The Trump filing Wednesday also made no mention of any declassification. The Justice Department asserted Tuesday that neither Trump nor his lawyers ever mentioned “declassification” during months of talks ahead of the Aug. 8 FBI search–a claim Trump’s team did not dispute Wednesday.
Rather, the former president’s attorneys focused much of their argument on whether the government failed to adequately account for the give-and-take of the Presidential Records Act, the Nixon-era law that governs the retention of White House records by the National Archives.
Trump’s rebuttal to the DOJ comes as the department appears to be mulling a significant obstruction of justice case against the former president and his team, underscored by evidence the department revealed Tuesday in response to Trump’s lawsuit. The department has argued that privileged documents seized at Mar-a-Lago would inherently be property of the government, not Trump, particularly when they consist of extraordinarily sensitive national security records.

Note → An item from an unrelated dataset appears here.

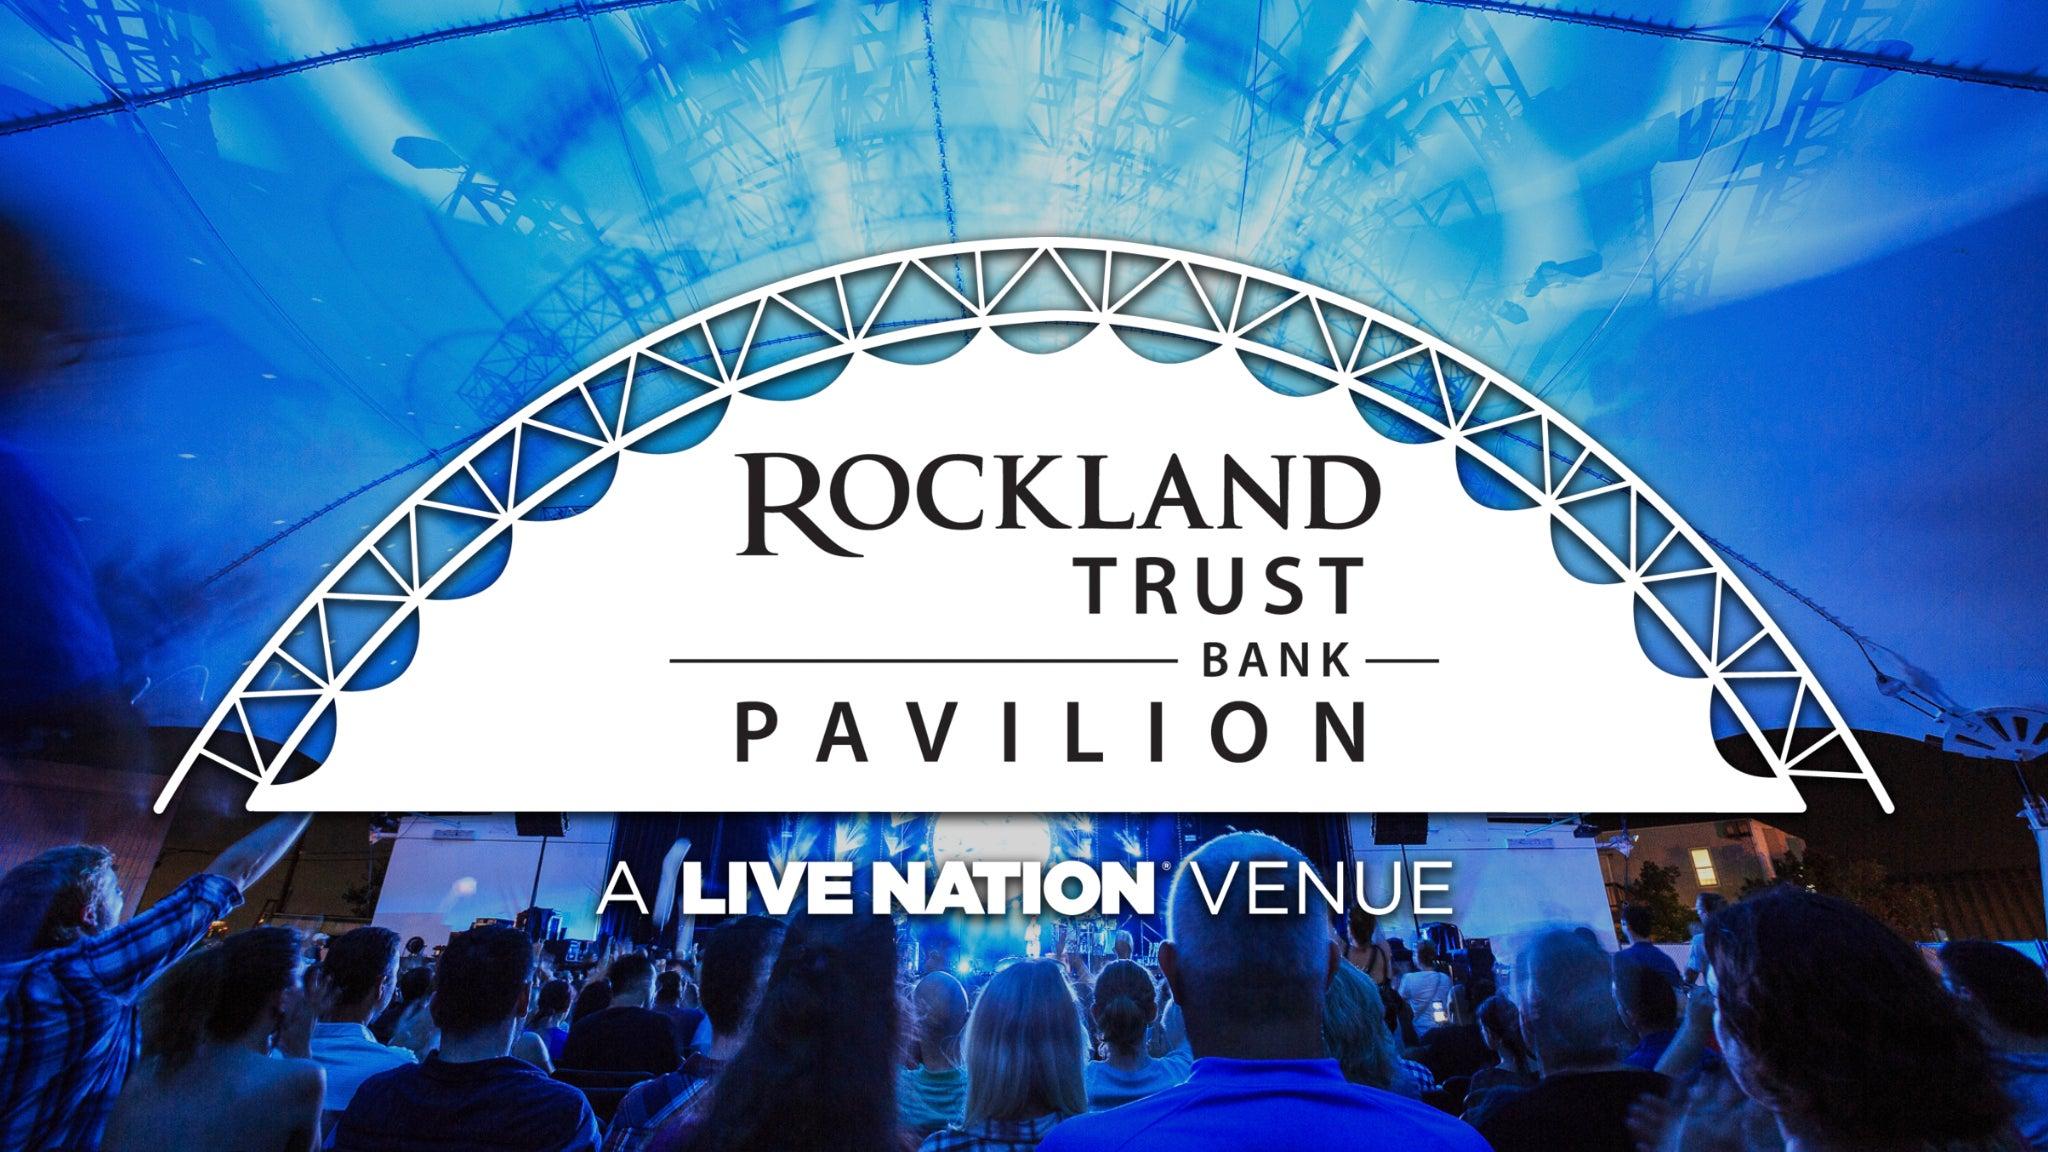 Rockland Trust Bank Pavilion

Cannon is scheduled to hold a hearing Thursday afternoon in West Palm Beach on whether to grant the request Trump’s attorneys made last week to appoint a special master to sift through and return property that may have been improperly seized.
Cannon, who is a Trump appointee, said in an order last week that she was inclined to grant the special master request. But it’s unclear what that work would entail at this point since prosecutors, who are opposing any role for a special master, said in a court filing Monday that they’d already reviewed everything the FBI recovered during the Mar-a-Lago search aside from documents a Justice Department “filter team” set aside as containing information that could be subject to attorney-client privilege.
It’s possible Cannon will order a special master to essentially check the FBI team’s work, although it is difficult if not impossible to make the investigative team unsee anything they’ve already been looking at for weeks. Trump’s team is pushing not only for an outside pair of eyes, but a broader review that would also look at potential claims of executive privilege or other privileges.
For weeks after the FBI search of his estate, Trump insisted he had worked cooperatively with investigators. But the most recent Justice Department filing painted a damning portrait of Trump and his team repeatedly resisting efforts by the government to reclaim highly classified records.
In January, Trump returned 15 boxes of records to the National Archives, following months of work by the agency to reclaim records it had learned were being warehoused at Mar-a-Lago. When NARA discovered the boxes included highly classified materials, it referred the matter to the Justice Department. But for months, FBI investigators said they were unable to access the materials, and that Trump’s attorneys repeatedly resisted efforts to permit criminal investigators from probing the documents.
Finally, the Archives received permission from the Biden White House to override Trump’s effort and deliver the 15 boxes to the Justice Department, which issued a subpoena on May 11 for any remaining documents with classified markings housed at Mar-a-Lago. As the subpoena deadline approached in early June, Trump’s lawyers invited DOJ investigators to the estate and delivered a “Redweld envelope” containing about 50 documents marked classified, but, DOJ alleges, they refused to permit investigators to comb through boxes to ensure everything had been provided.
The June 3 visit culminated with a Trump attorney signing a sworn letter attesting that all remaining documents with classification markings had been turned over pursuant to the subpoena. But the FBI — acting on evidence that additional classified records remained at Mar-a-Lago — later discovered more than 100 marked documents in Trump’s storage room and personal office, including three in a desk drawer.